→ **WHAT YOU SHOULD DO**
This exercise calls for the records to be returned exactly, with images removed.

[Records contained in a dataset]
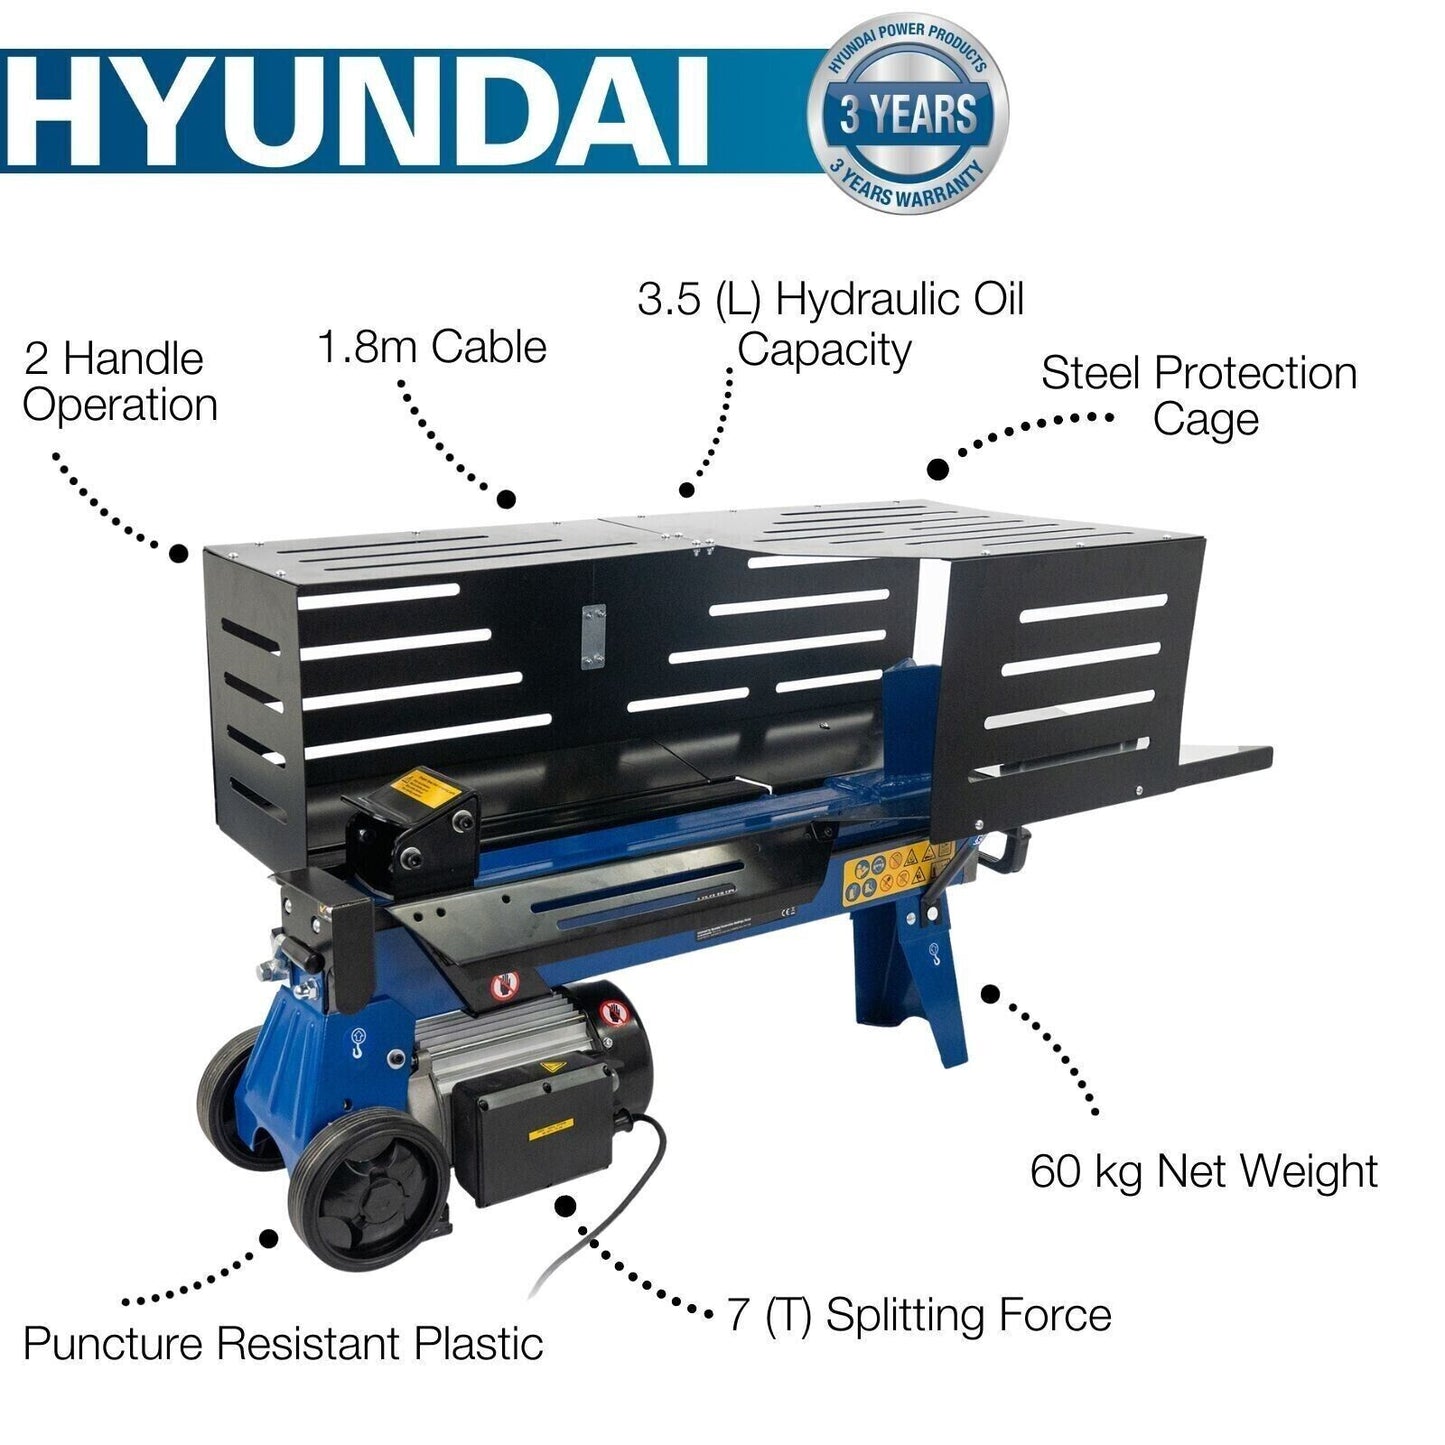 Hyundai HYLS7000HE Electric Log Splitter 7 Tonne Horizontal Hydraulic Ram 250mm
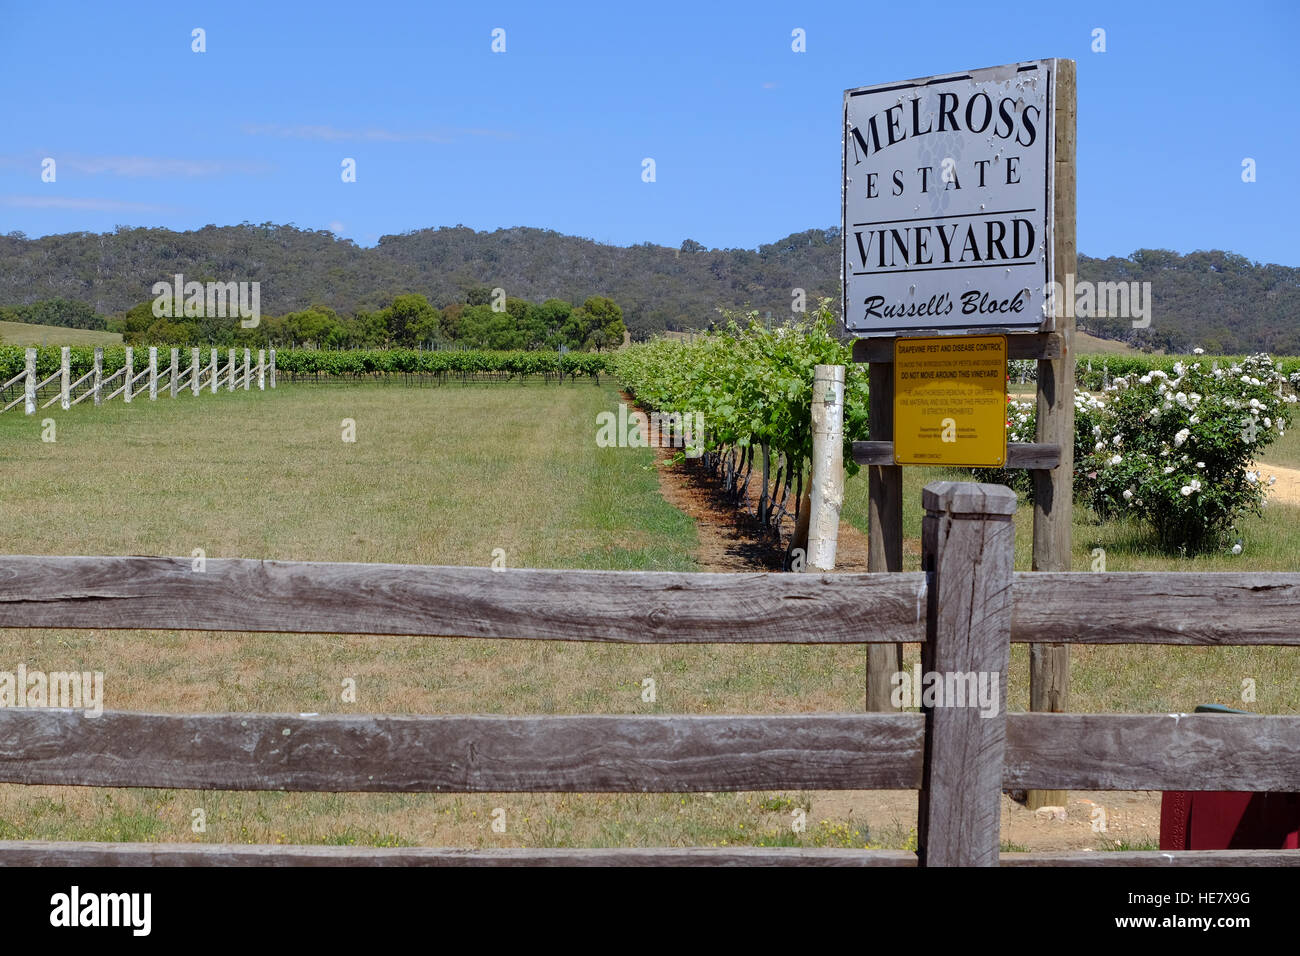 Melross Vineyard in the Pyranees wine growing region of Victoria, Australia Stock Photo
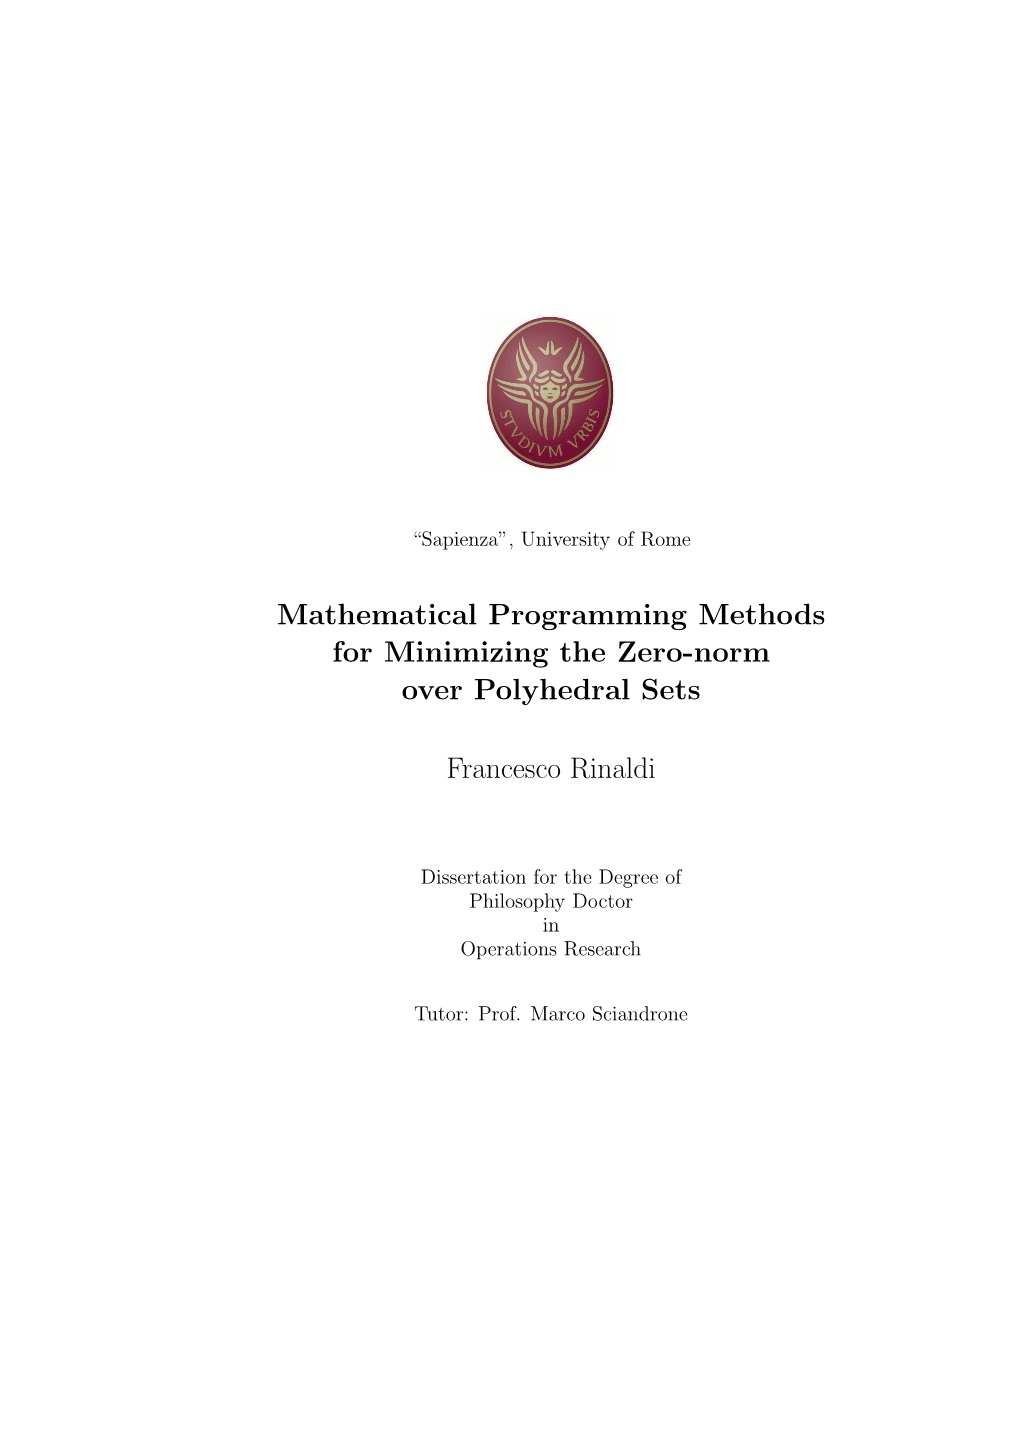 Mathematical Programming Methods for Minimizing the Zero-Norm Over Polyhedral Sets Francesco Rinaldi
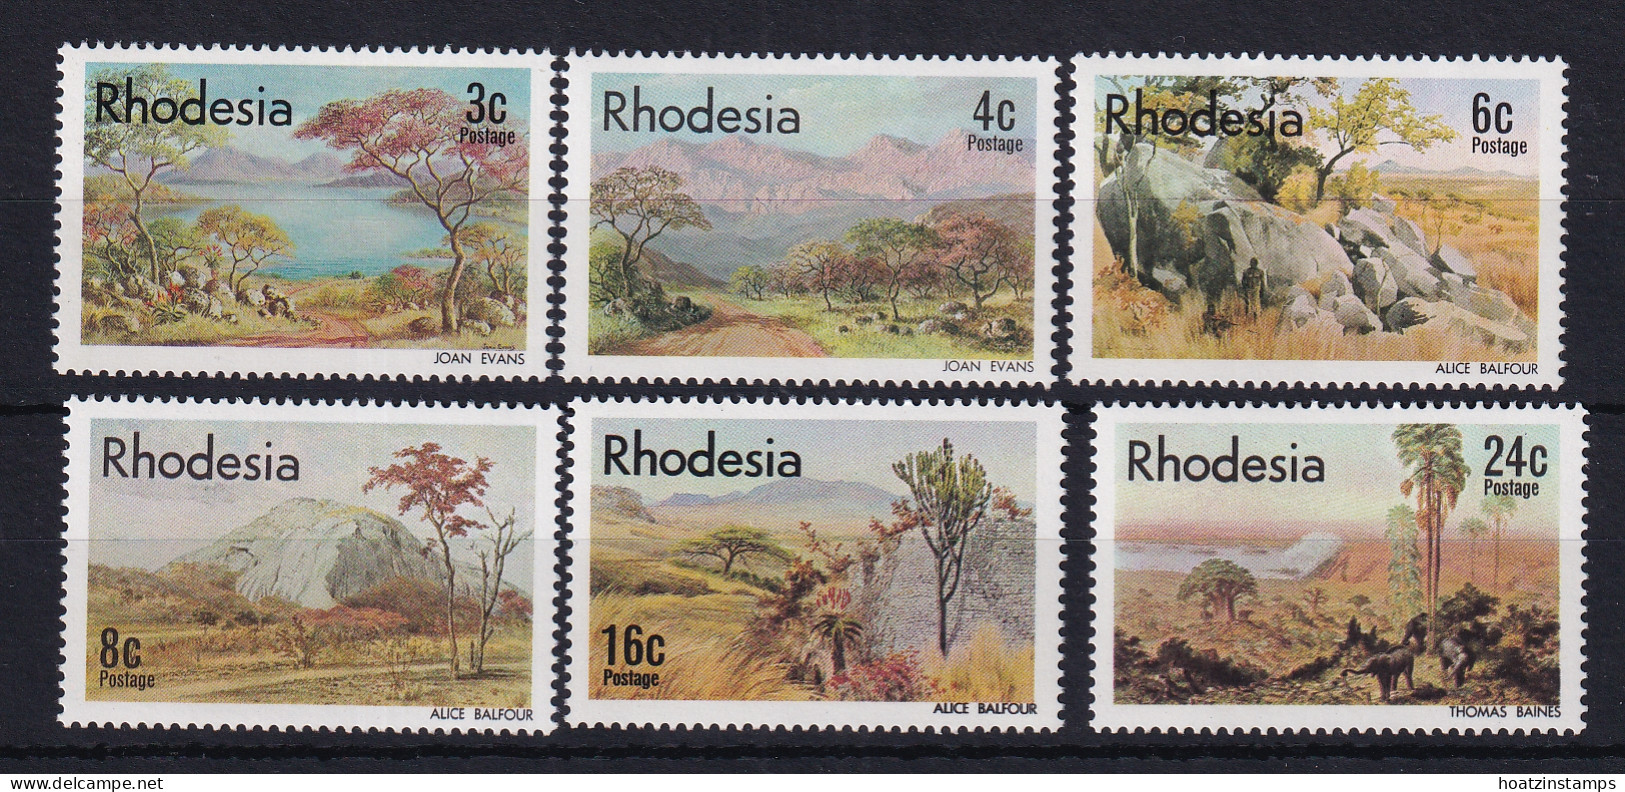 Rhodesia: 1977   Landscape Paintings       MNH - Rhodesia (1964-1980)
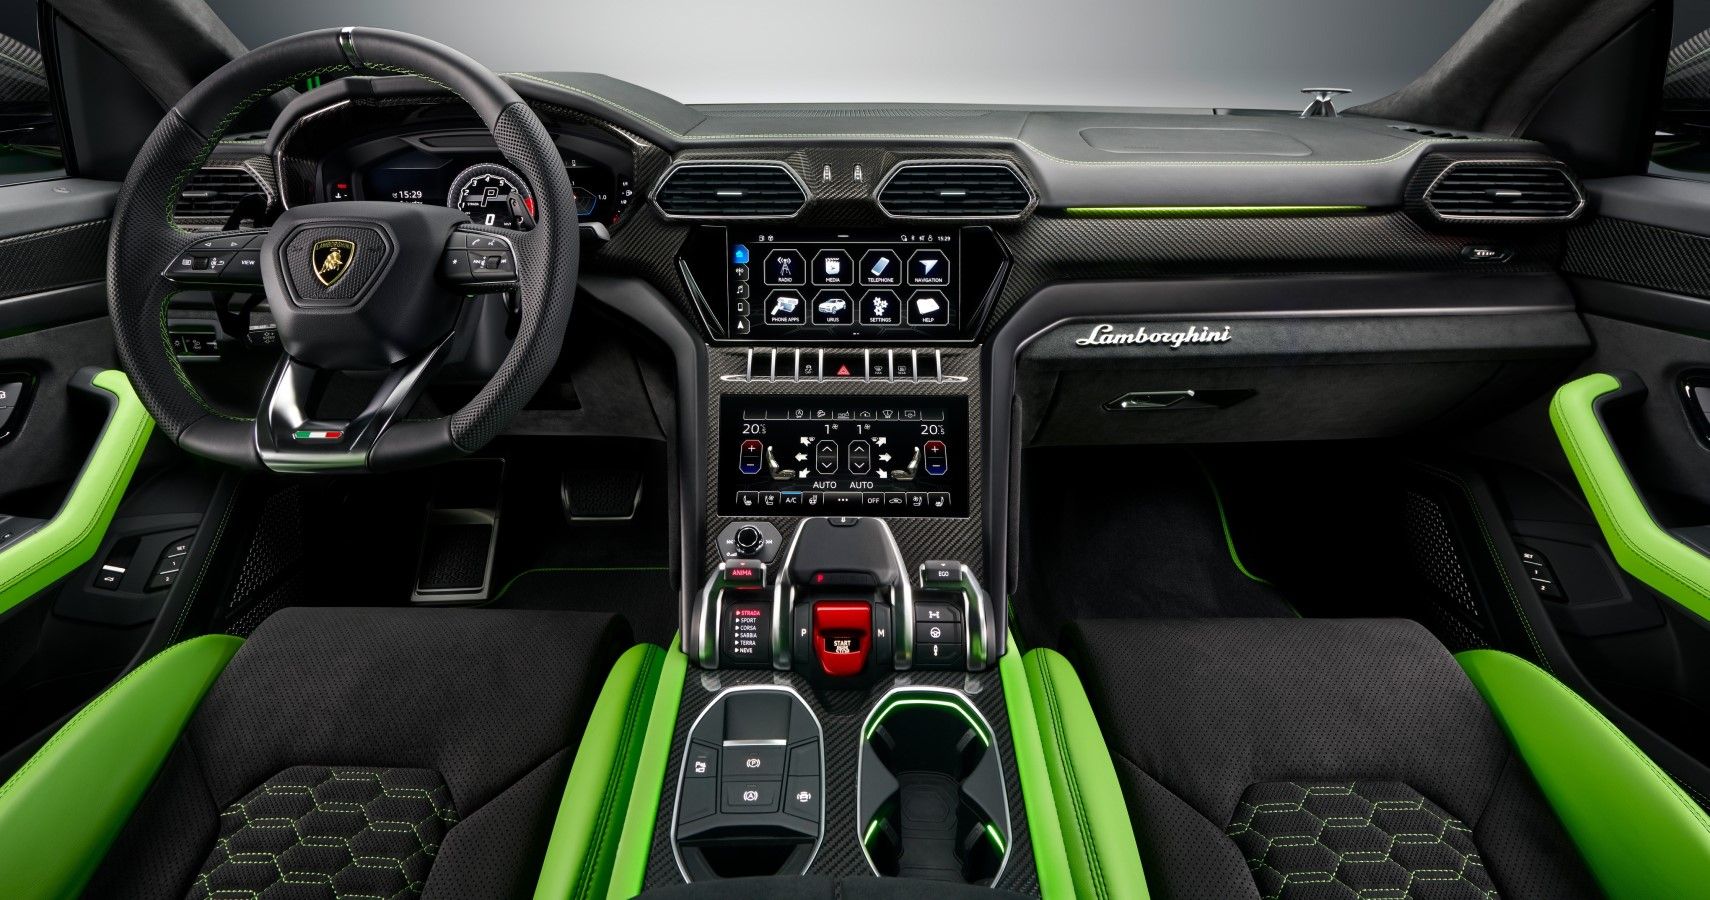 2021 Lamborghini Urus interior dashboard view

→ **SOLUTION**
 Hyundai HYLS7000HE Electric Log Splitter 7 Tonne Horizontal Hydraulic Ram 250mm
 Melross Vineyard in the Pyranees wine growing region of Victoria, Australia Stock Photo
 Mathematical Programming Methods for Minimizing the Zero-Norm Over Polyhedral Sets Francesco Rinaldi
 Rhodesia: 1977   Landscape Paintings       MNH - Rhodesia (1964-1980)
 2021 Lamborghini Urus interior dashboard view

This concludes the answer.